DT Swiss's looks nice, but doesn't have as many rims/hubs
http://www.dtswiss.com/spokescalc/Calculator.aspx


----------



## Mark McM (Jun 18, 2005)

Mattyknacks said:


> I was wondering if the spokes on a given wheel were all the same length or if the rear cassette side or the front disc side spokes are shorter to compensate for the dish. The reason I ask is that I am a large guy (310 pounds) and I ride on a set of Mavic Speedcity rims, and was told to expect trouble. I wanna hunt down some spare spokes, since they are spokes that some shops do not carry. Are they all the same length on my wheels, or do I need several different sizes?
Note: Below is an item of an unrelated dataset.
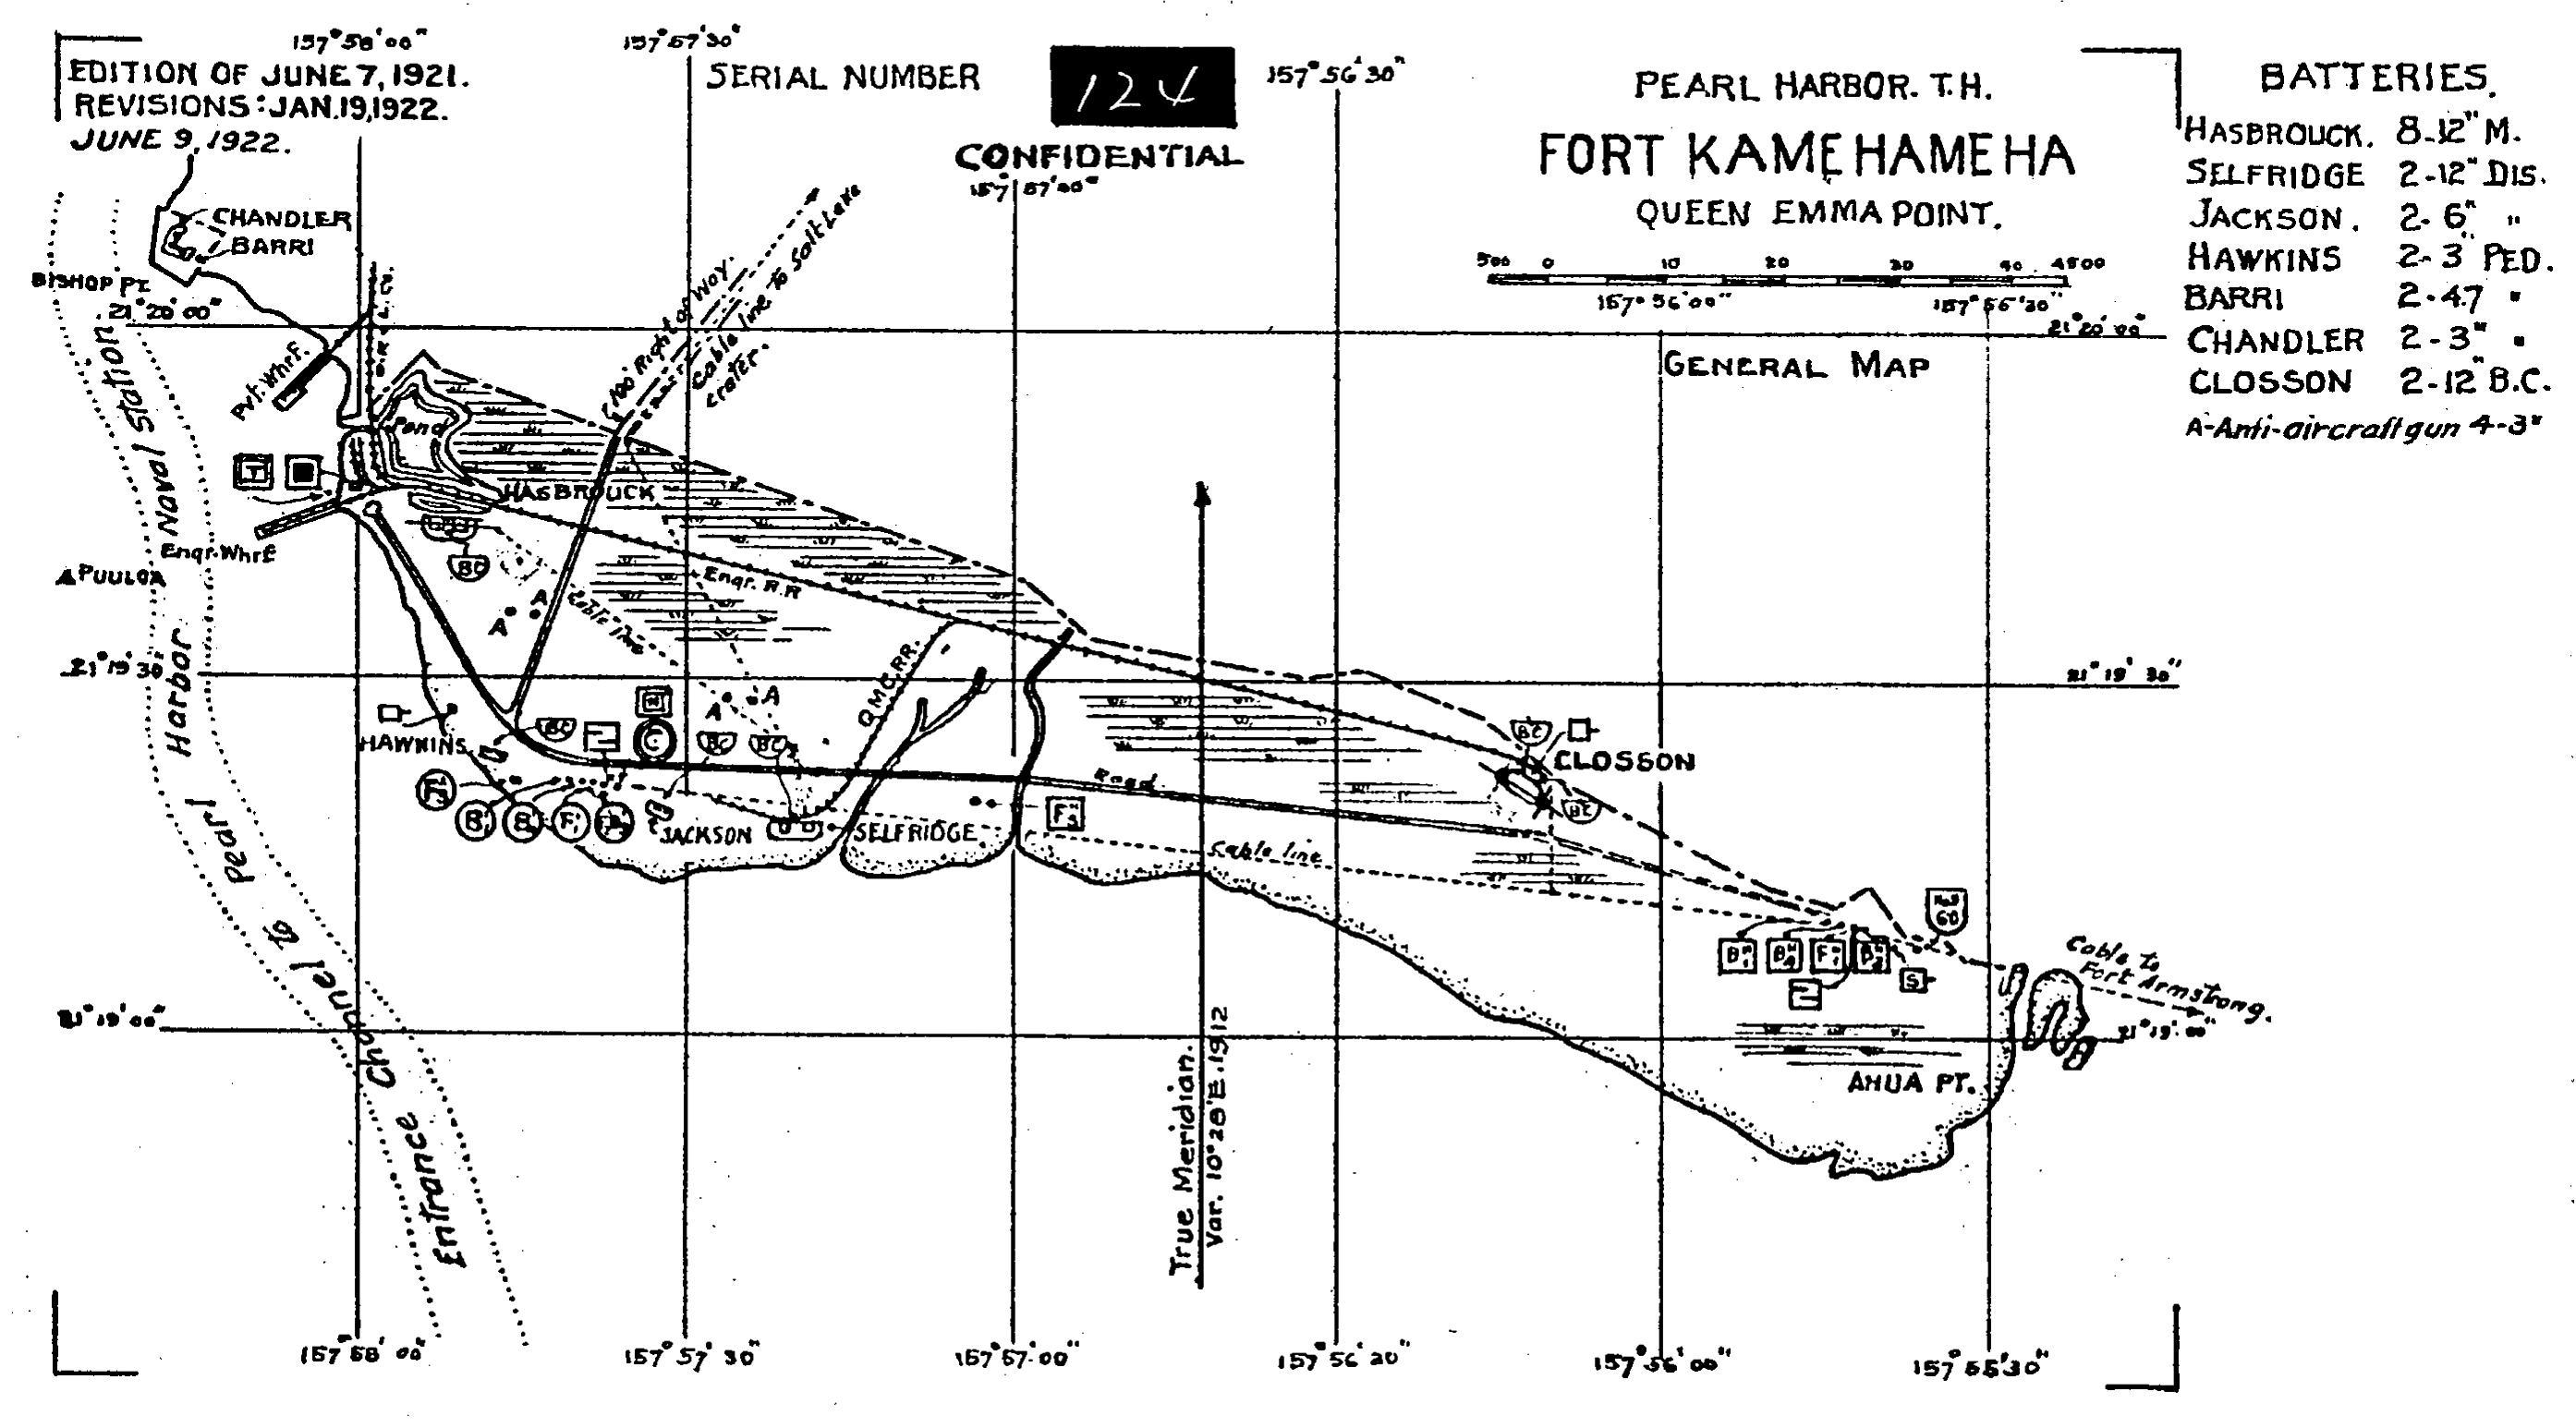 Map Diagram Of The Coastal Batteries Of Fort Kamehameha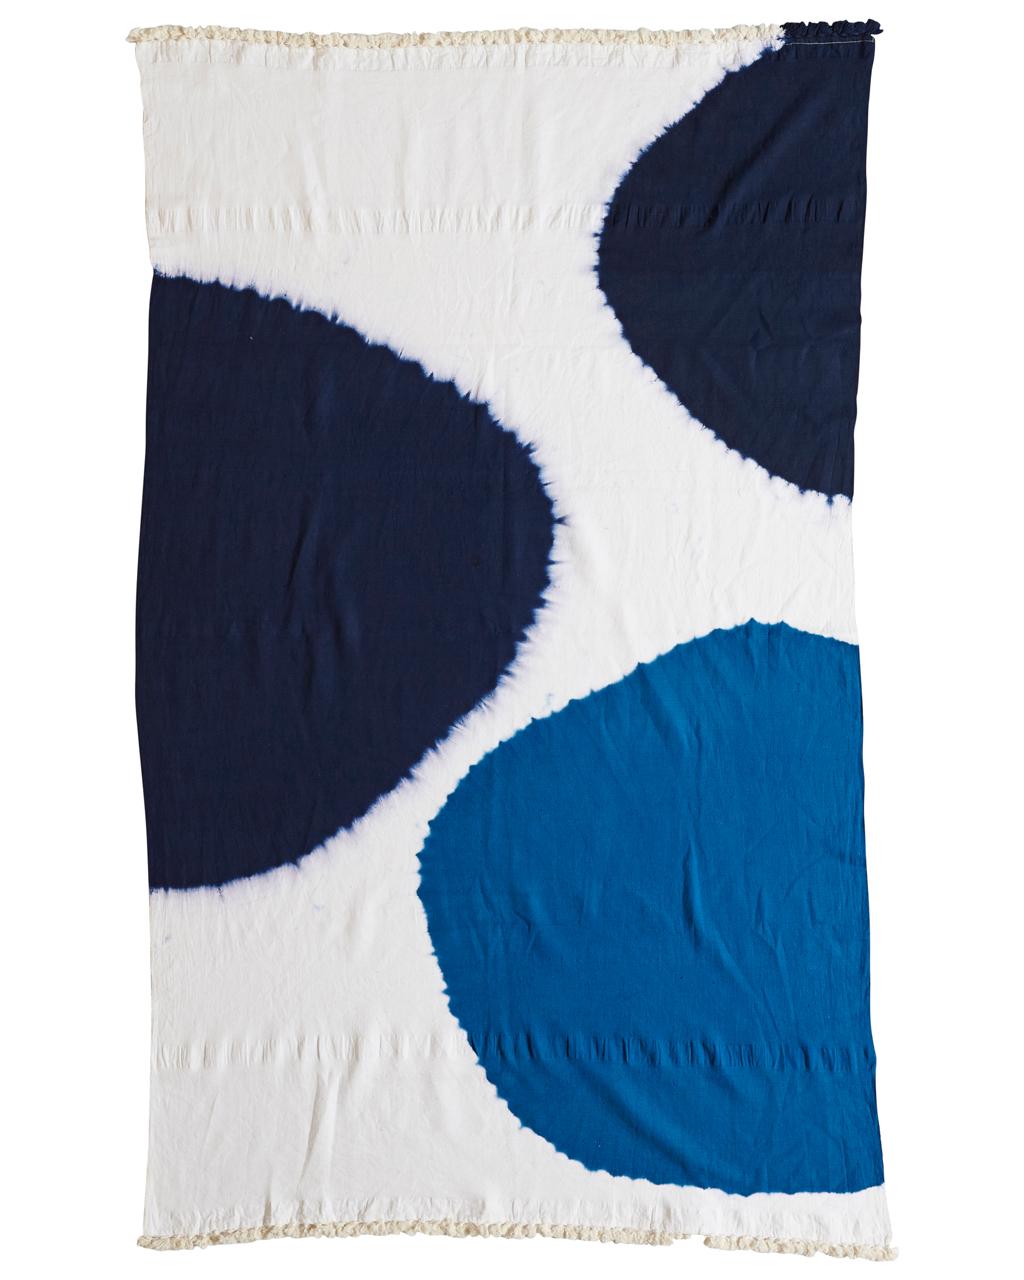 Jac+ Jack + Dinosaur Designs Moons Beach Towel Flat LR.jpg

According to the Mavic technical manual, the current Speedcity wheels use 299mm spokes both front and rear, drive-side and non-drive side. The '04 and '05 Speedcity wheels used 300 mm spokes all around.


----------



## filtersweep (Feb 4, 2004)

I think it is a proprietary straight pull spoke setup.



bopApocalypse said:


> the spoke calculator with the biggest list of rims, etc...
> http://www.damonrinard.com/spocalc.htm
> (don't know if they've got the speedcity's)
> 
> ...


----------



## Mattyknacks (Jan 30, 2007)

Thanks to all that replied.




Mark McM said:


> According to the Mavic technical manual, the current Speedcity wheels use 299mm spokes both front and rear, drive-side and non-drive side. The '04 and '05 Speedcity wheels used 300 mm spokes all around.


Thanks Mark. Is there a way that I can look at that manual (is it online?) or did you read that from a printed copy?

Also, if I get in trouble with these wheels, what is the chance that a local bike shop would have these spokes?

Thanks everyone.

Matty in Brooklyn


----------



## Mark McM (Jun 18, 2005)

Mattyknacks said:


> Thanks Mark. Is there a way that I can look at that manual (is it online?) or did you read that from a printed copy?
> 
> Also, if I get in trouble with these wheels, what is the chance that a local bike shop would have these spokes?


The manual is on Mavic's password protected dealer web site.

It is unlikely that a local bike show would have these spokes on hand - although they could special order them from Mavic.


----------